İnsan kendisini ruhen bağlı saymadığı herhangi bir toplum onun ulusu olamaz. Önemli olan insanın hangi kanı taşıdığı, hangi ırka mensup olduğu değil hangi kültüre bağlı olduğudur. Bir insan hangi eğitim sürecinden geçmişse, kendisini hangi ulusa bağlı hissediyorsa ve hangi ulusun ülküsünü taşıyorsa o millete mensuptur.

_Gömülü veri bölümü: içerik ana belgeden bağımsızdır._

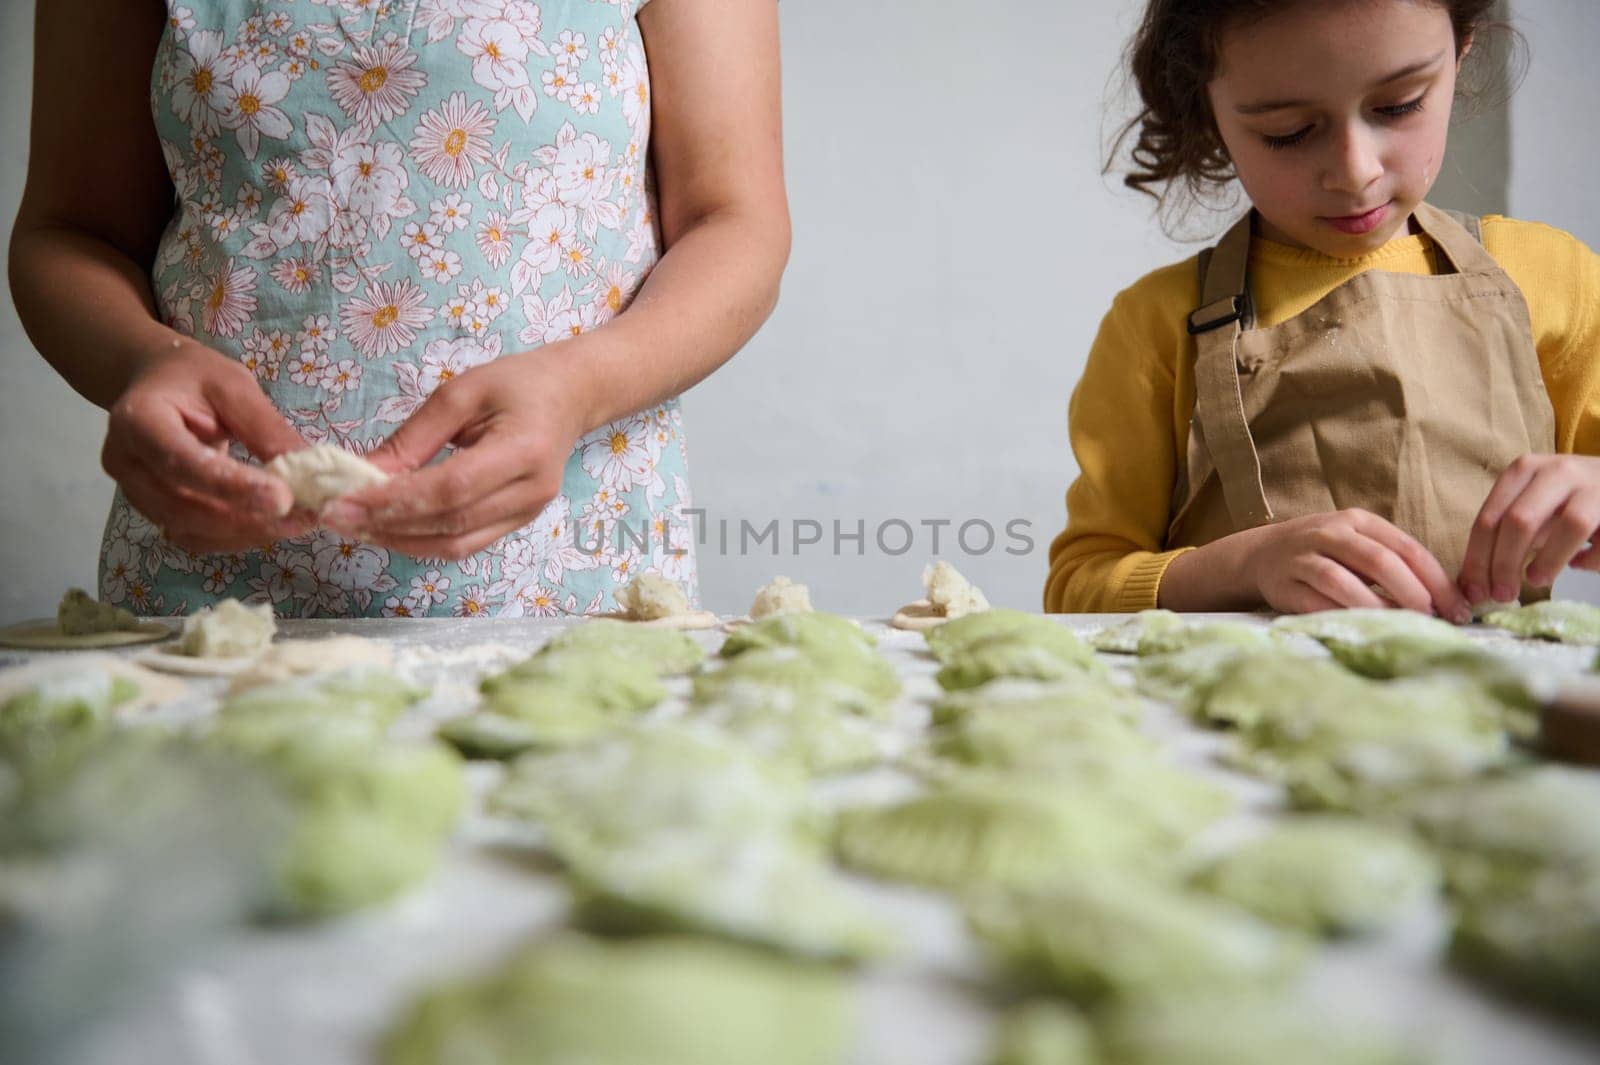 Focus on molded homemade dumplings on floured table against the background of young mom and daughter cooking together. Ravioli. Pelmeni. Varennyky stuffed with mashed potatoes by artgf
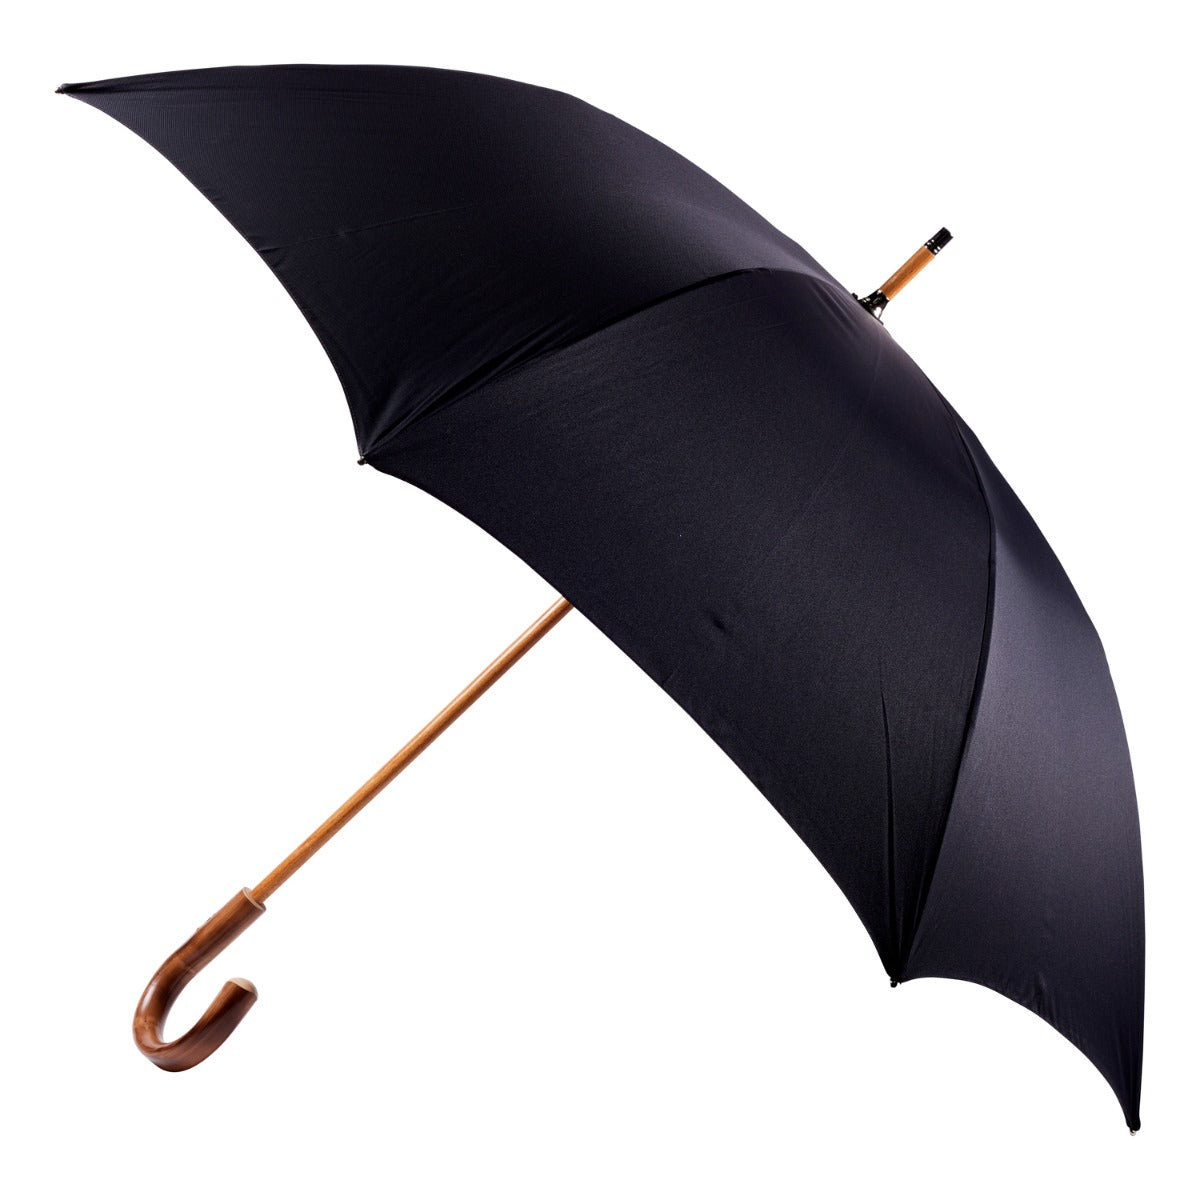 A Chestnut Solid Stick Umbrella with Black Canopy from KirbyAllison.com.

Renan da millet tarifinde bezer ifadelere temas eder. Alparslan Türkeş ise , “Kendini Türk hisseden herkes Türk’tür.” tespitini yaparak meselenin bir kan ve din temeline dayalı şartı olmadığını, bir ruh hali, bir bilinç ve soyut kültür bağlamında ele alınması gerektiğini vurgular. Sonuç: Milleti sadece din birliği temelinde ele alırsak İslam öncesi veya İslam sonrası karmaşası yaşarız. Sadece ırk, kan ve soy esasına göre milleti ele alacak olursak, dünyada saf bir ırk yoktur gerçeğine çarpar başımız.